The idea behind this budget is that when you divide your money up, you quickly see how much you have for each of these categories. That’s a much clearer picture than when you take money from one big pot every month.
You might find out that you don’t have enough for necessities and personal spending without dipping into savings.
3. Avoid Eating Out
Eating out is easily one of the biggest strains on a budget especially if you have children. Depending on where you live, a family of four can easily burn through 20-30 dollars per meal time when eating out. Multiple that by even just a few times per week and you are spending a few hundred dollars per month on food on top of whatever groceries you are also buying.
An easy way to stop yourself from destroying your budget by eating out is to set the number of times you do it each month. For example resolve to only eat out 2 times per month and pick which days those will be.
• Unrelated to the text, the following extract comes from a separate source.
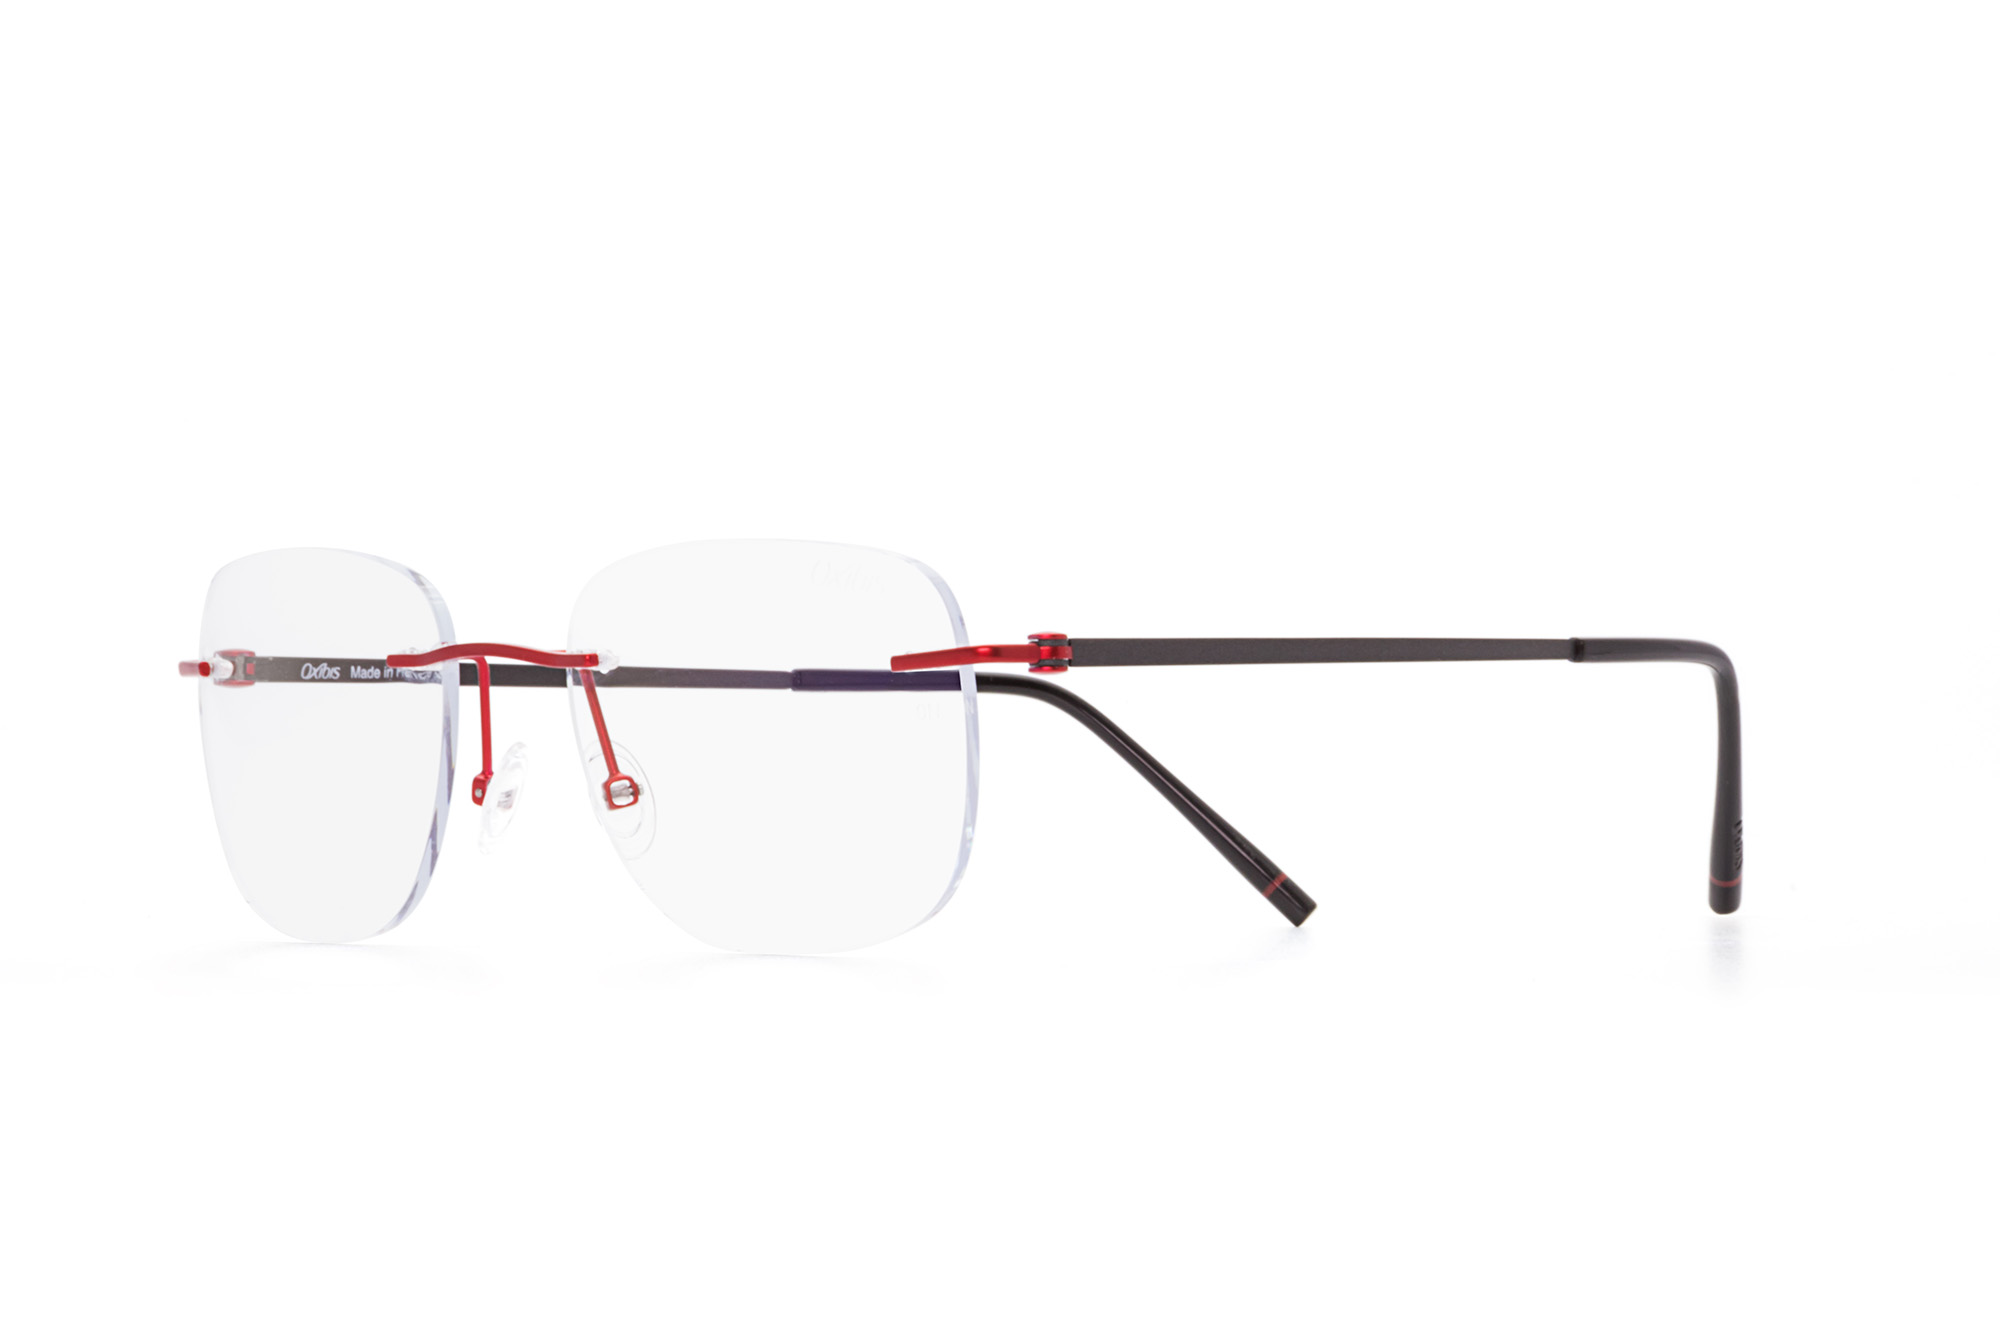 Kullanıma hazır optik tarzda işlenmiş camları ve optik uyumlu çerçevesiyle Oxibis Loop LO7C4 53 orta ekartman kırmızı ve gri renkli dikdörtgen model çerçevesiz unisex gözlüğü optisyen veya gözlükçülerin sunacağı numarasız veya numaralı cam özelleştirmeleriyle size en yakın gözlükçüden satın alabilirsiniz.

By making things predictable you can plan better and avoid surprises. This brings us to our next tip, planning your meals.
4. Plan Your Meals
You can tell yourself all day long that you are never going to eat out again but if you don’t have a plan, it’s even easier to fold and say ‘oh lets just get a pizza’.
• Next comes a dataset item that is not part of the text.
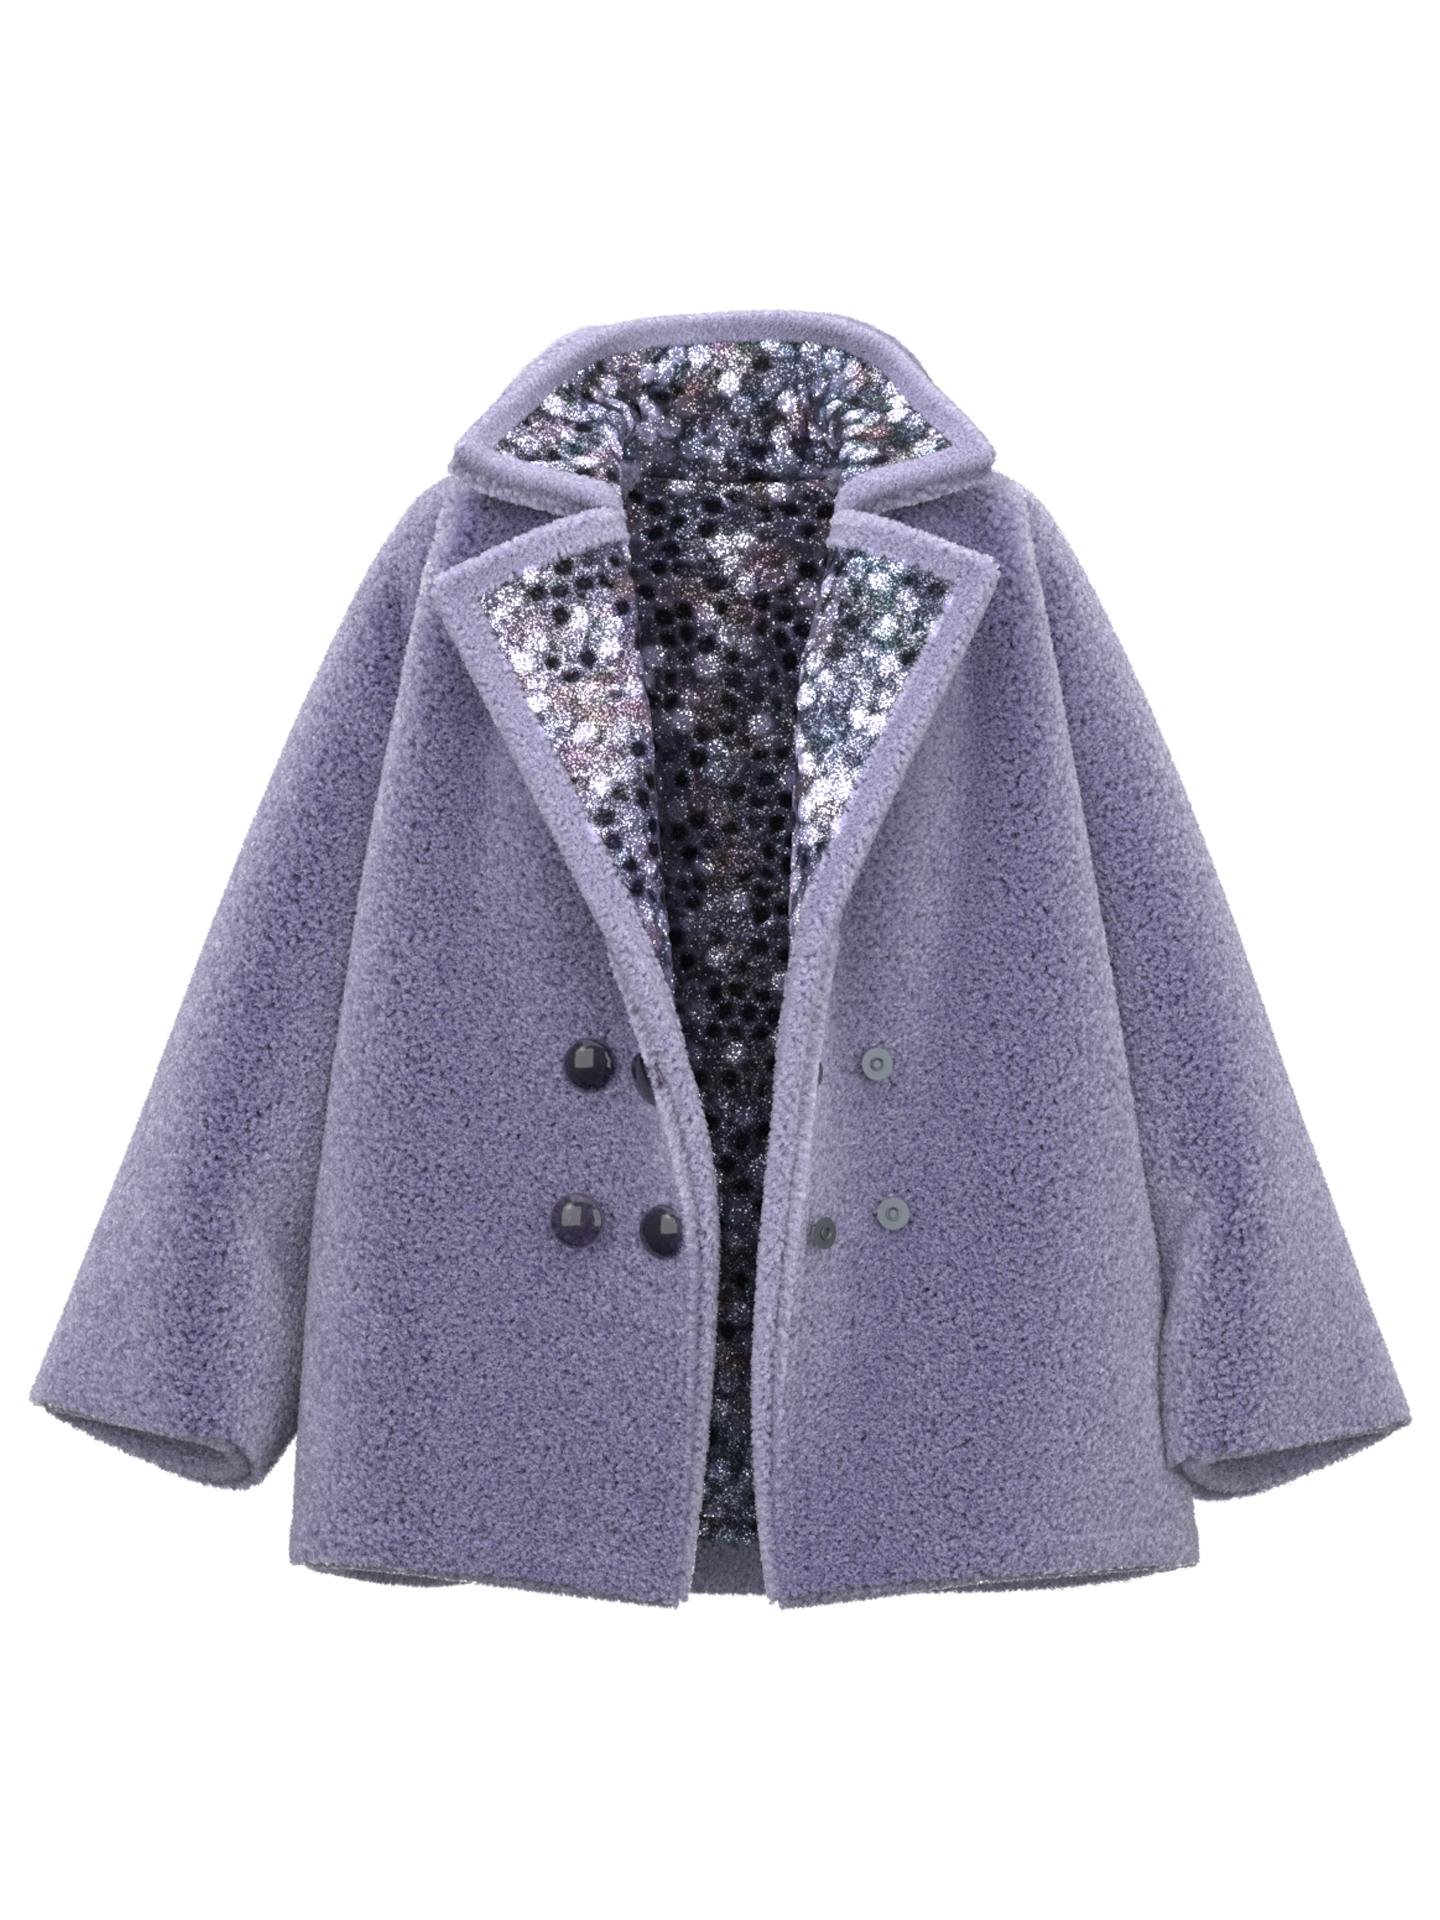 Fur-tale Purple Coat by LOFEDO

Planning your meals helps you avoid eating out and it also helps you budget your grocery money each month as well. Just like with a lot of money budgeting tasks, meal planning doesn’t have to be a big complicated job. Start by doing it a few days to a week in advance. Pick the meals you are going to have for breakfast, lunch, dinner then build your grocery list around that.
Money saving advice: To cut down on my food spending, I signed up for the $5 Meal Plan so I can eat more at home. It’s only $5 a month and you get meal plans with the exact shopping list you need to create the meals. Each meal cost about $2 per person. When you sign up through my link, you’ll receive a 14-day free trial.
5. Optimize Your Costs
Take a look at your monthly expenses that you have to pay. For instance your energy bill, your car insurance bill, your car payments, and other monthly expenses that are pretty much set in stone are all candidates for negotiation.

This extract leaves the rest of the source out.